SUPPLIED MATERIAL:
────────────────────────────────────────
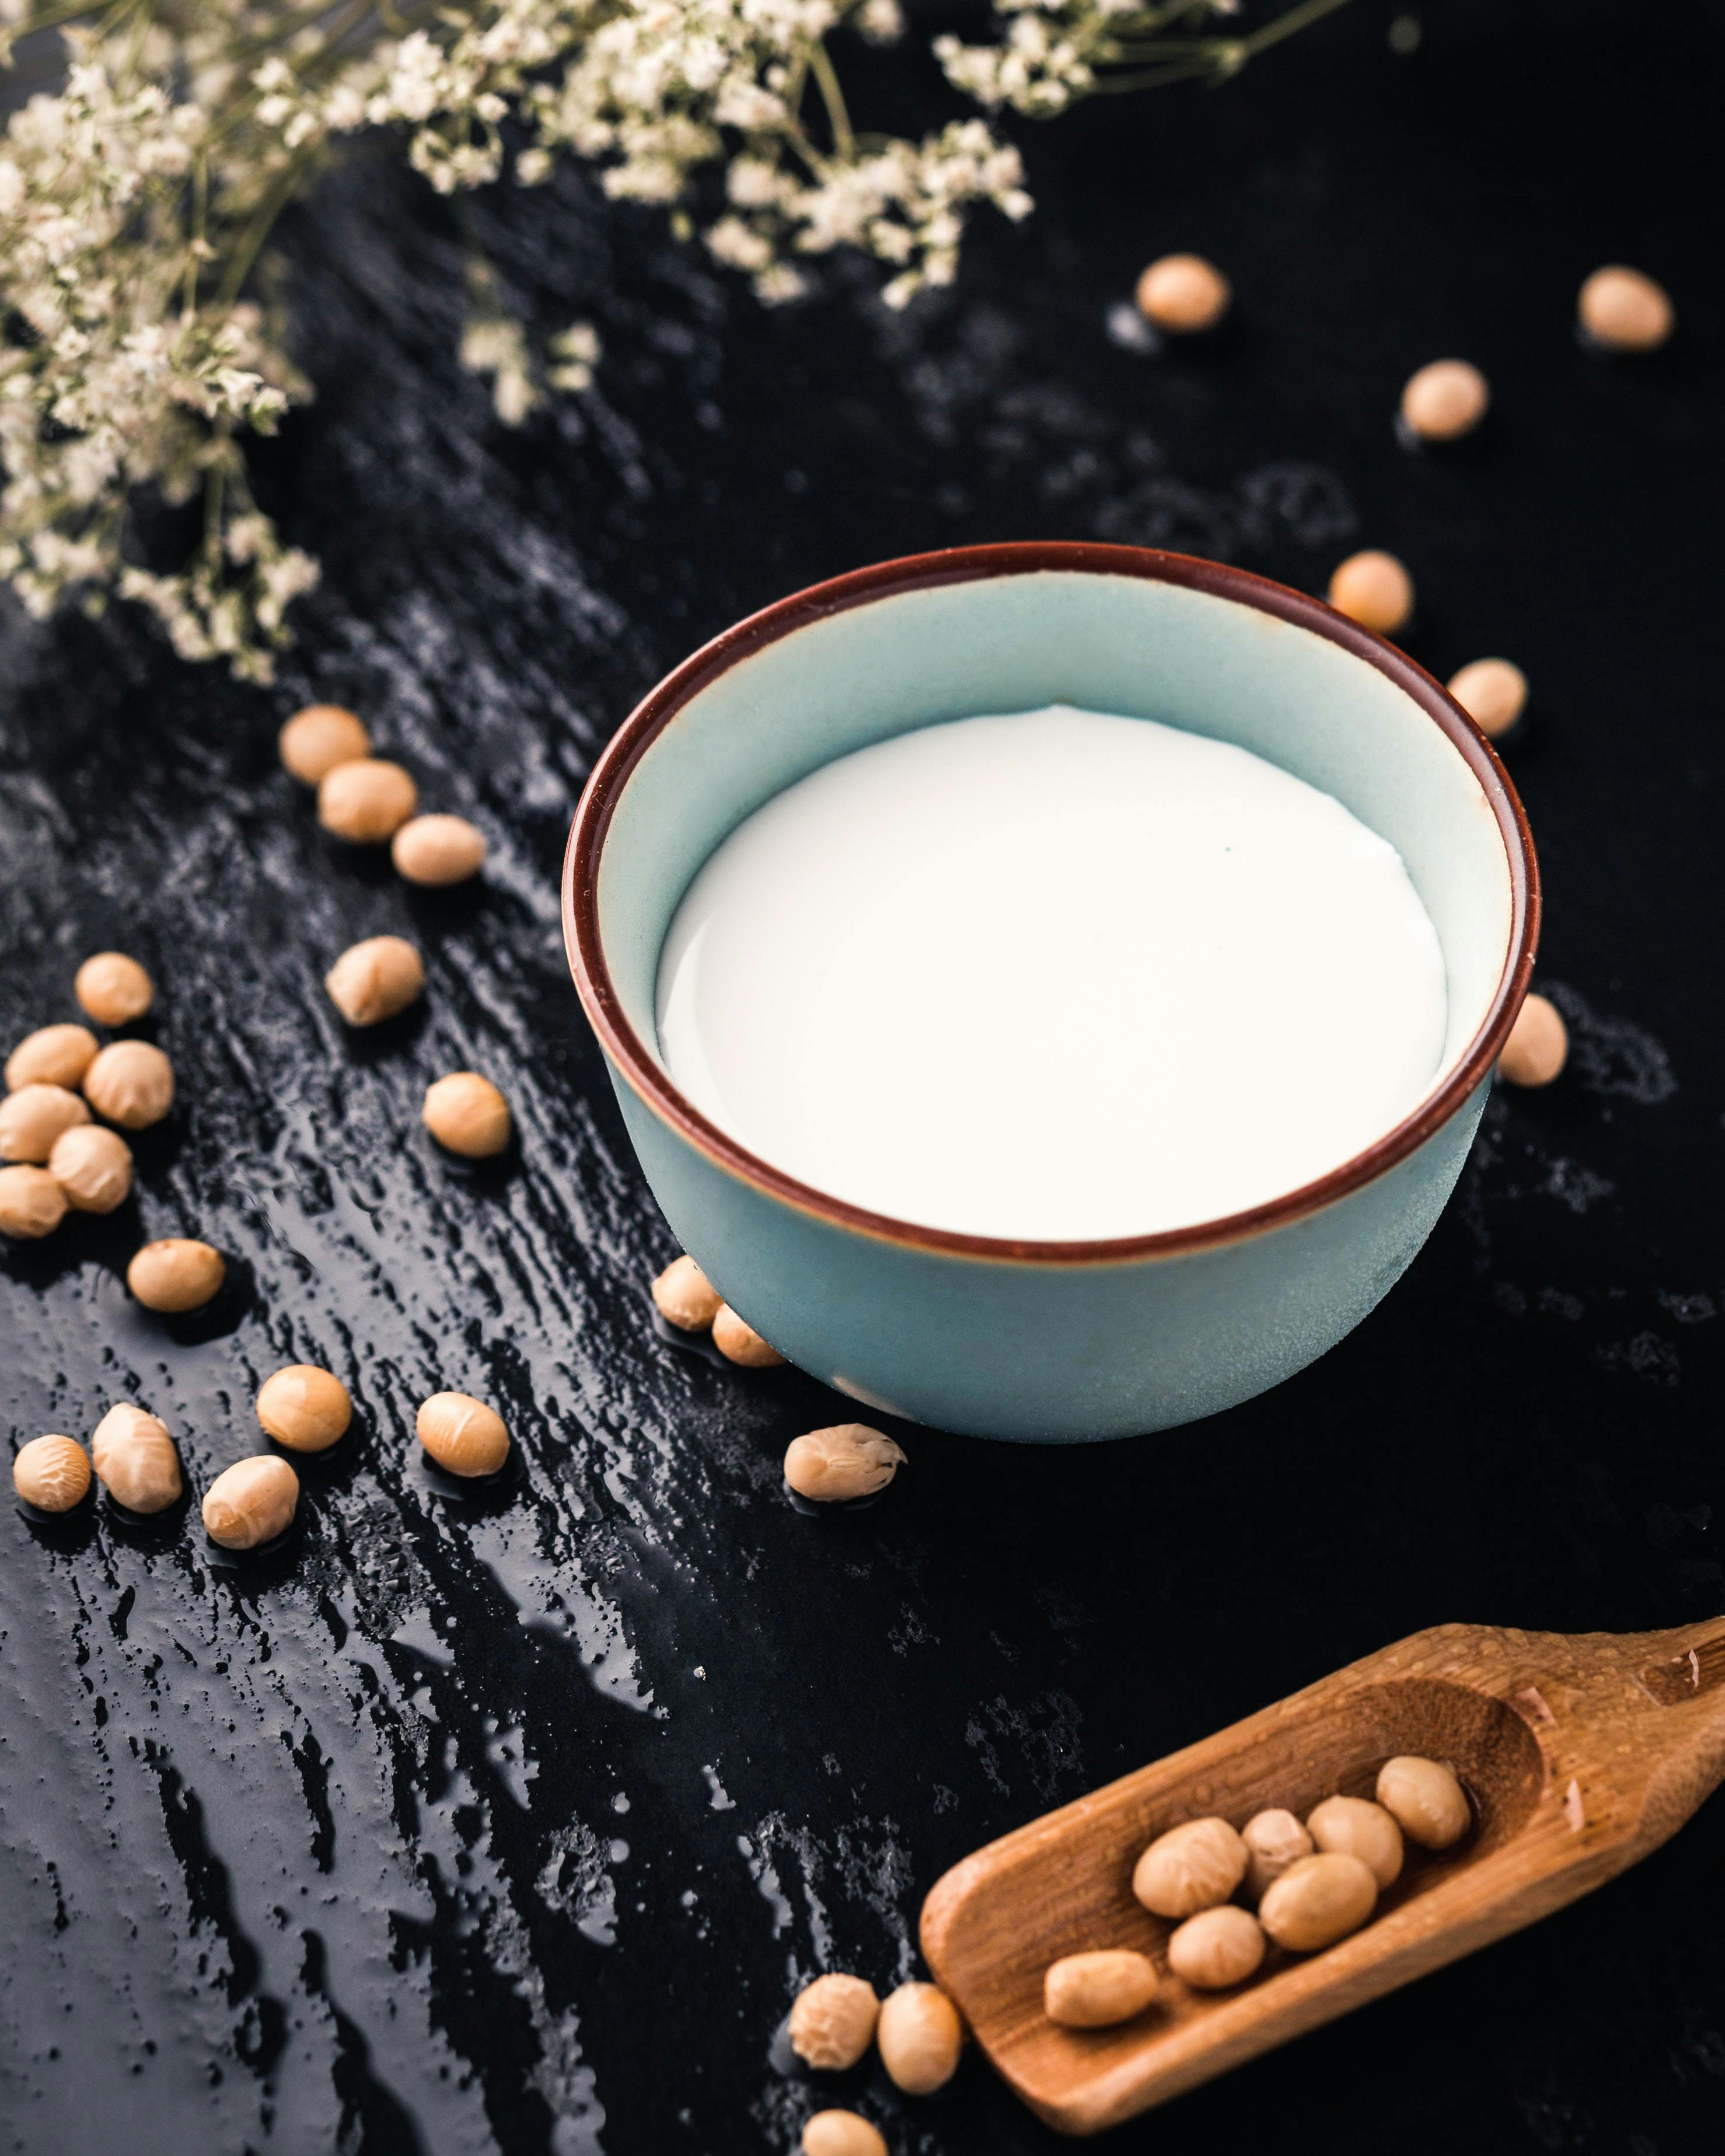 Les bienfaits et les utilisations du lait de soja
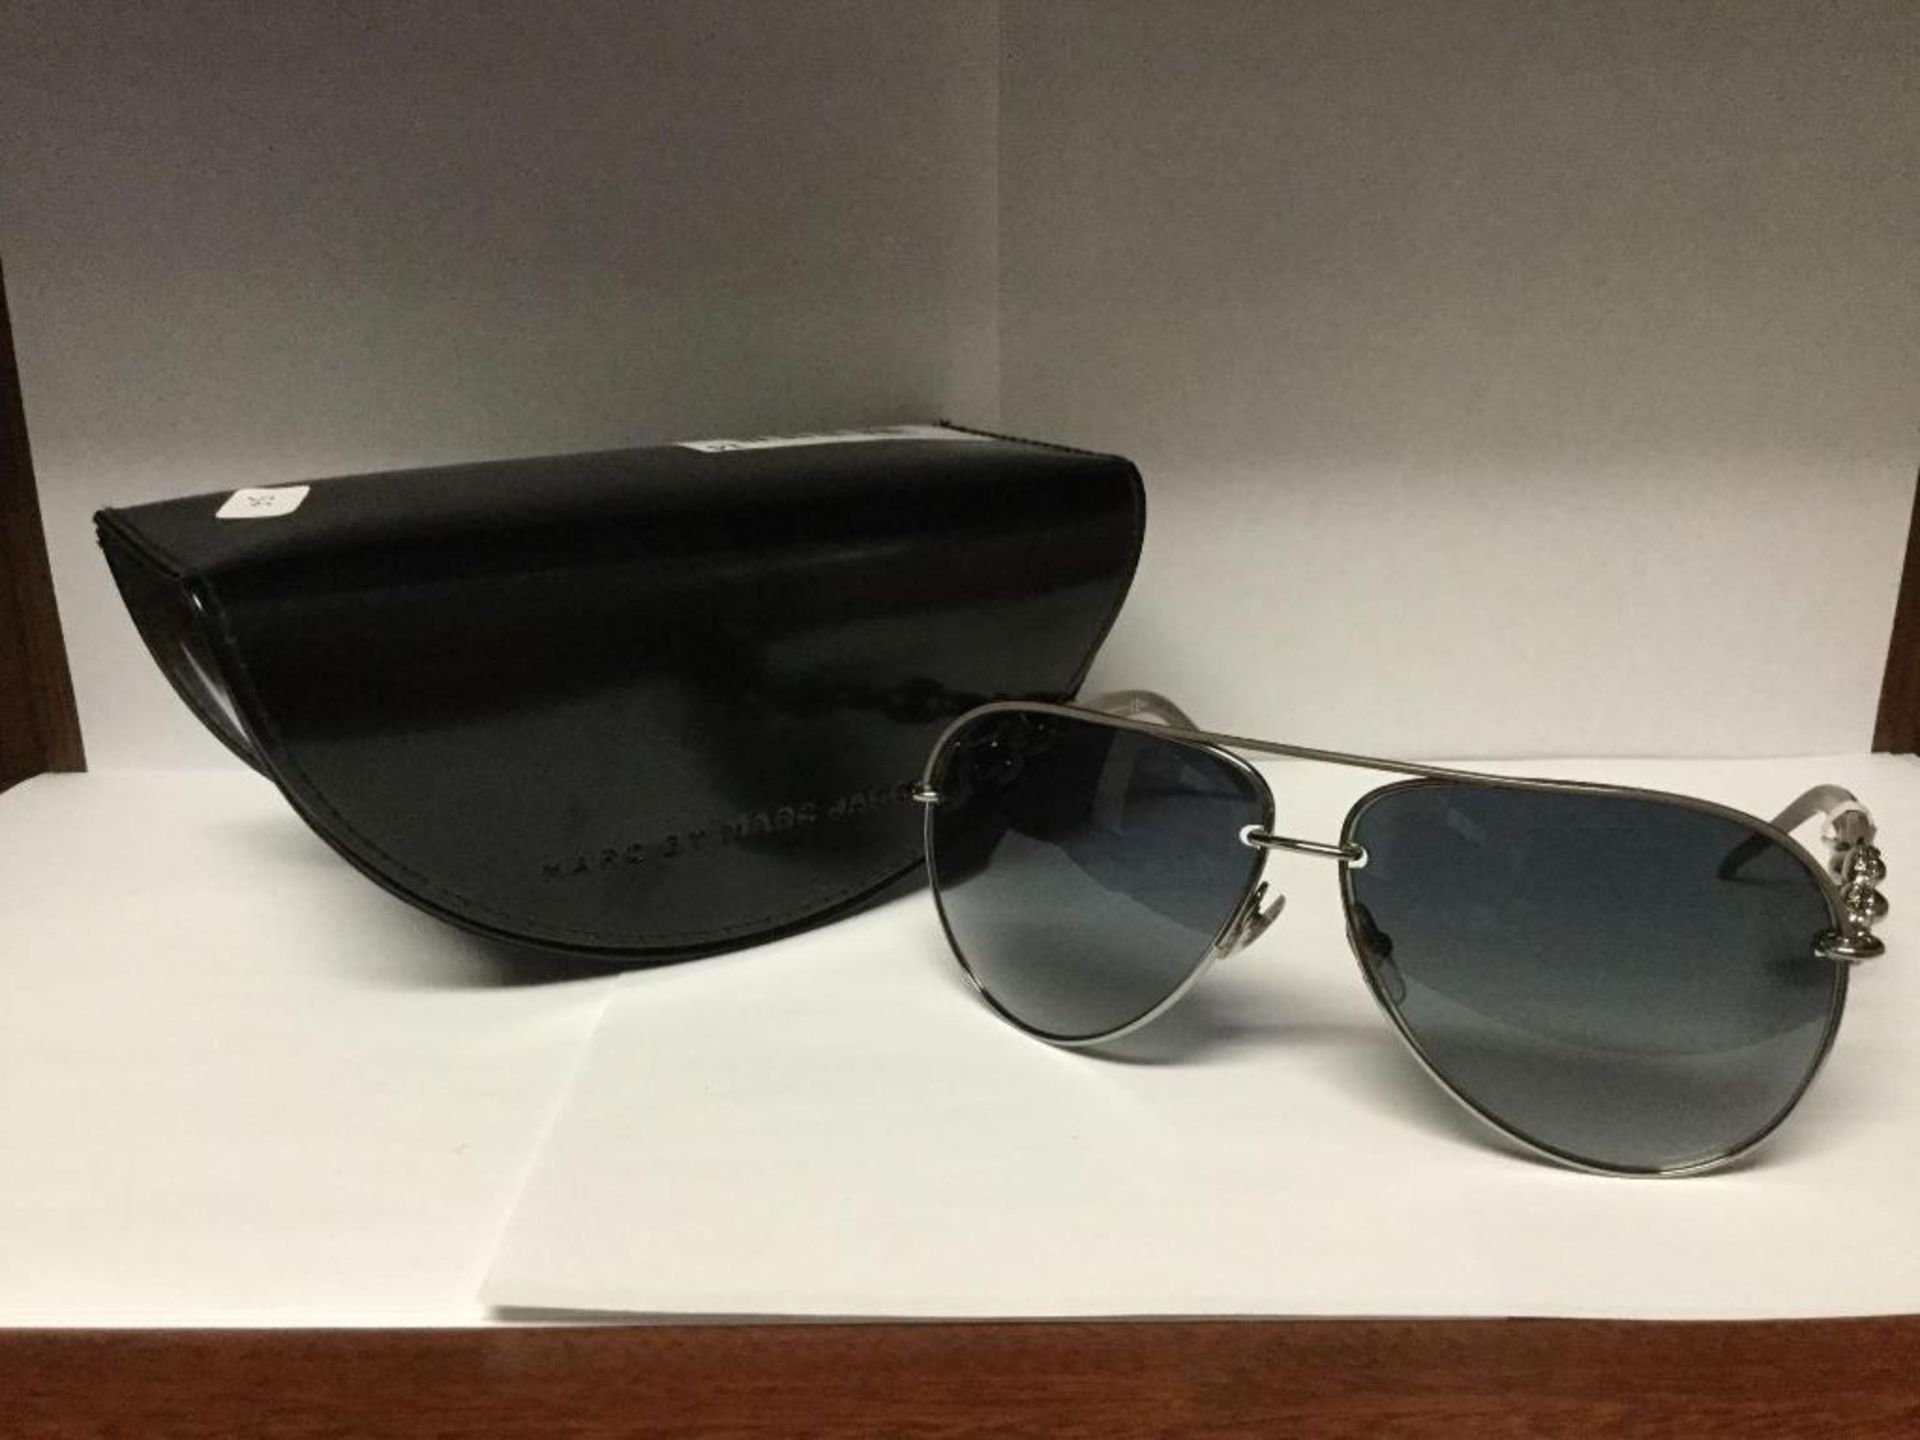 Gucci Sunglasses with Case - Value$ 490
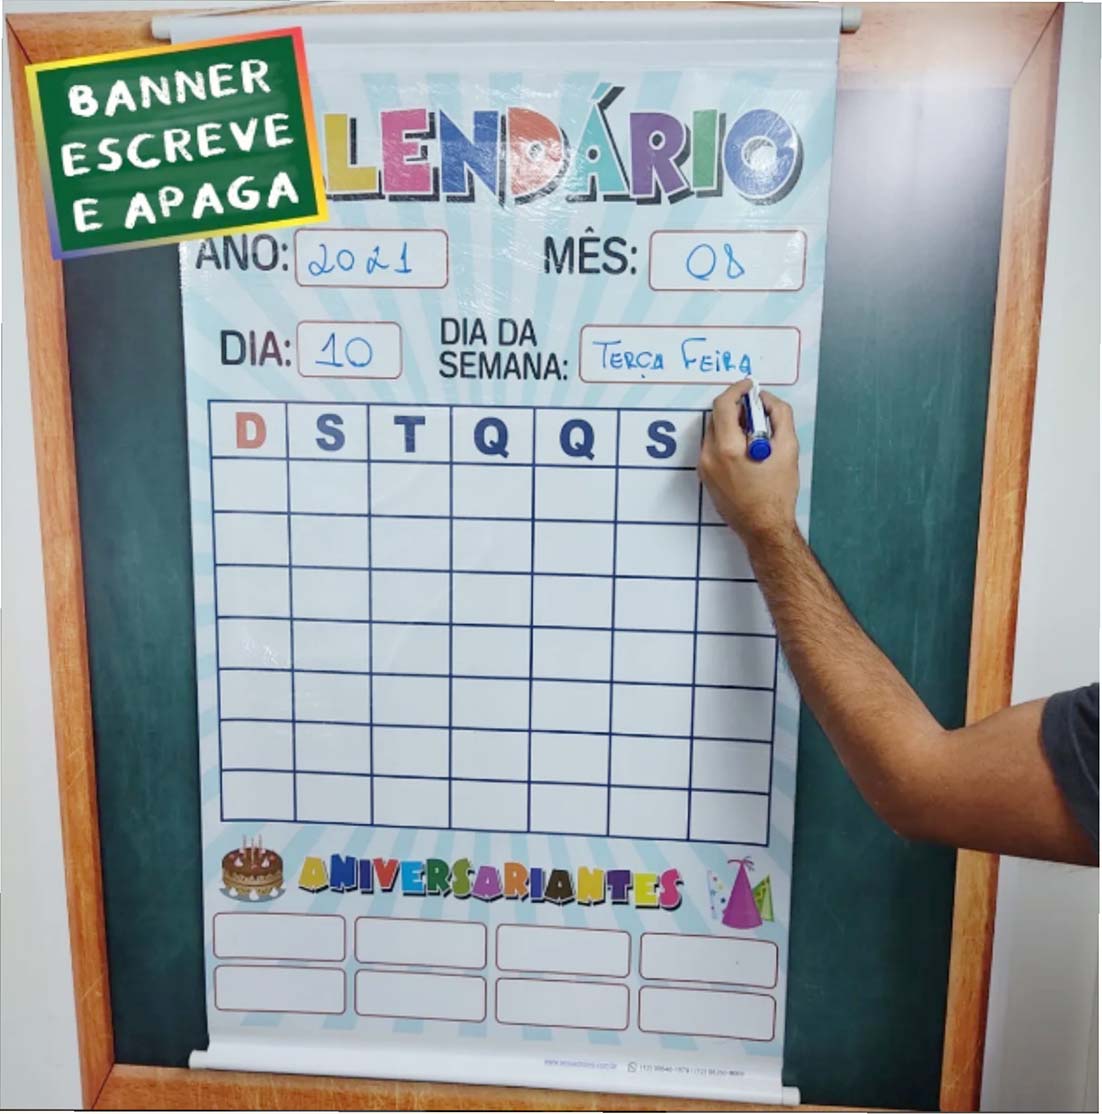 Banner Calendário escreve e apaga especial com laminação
────────────────────────────────────────
WHAT YOU NEED TO DO:
Skipping all images, output the listing exactly.

ANSWER FOR THE TASK:
 Les bienfaits et les utilisations du lait de soja
 Gucci Sunglasses with Case - Value$ 490
 Banner Calendário escreve e apaga especial com laminação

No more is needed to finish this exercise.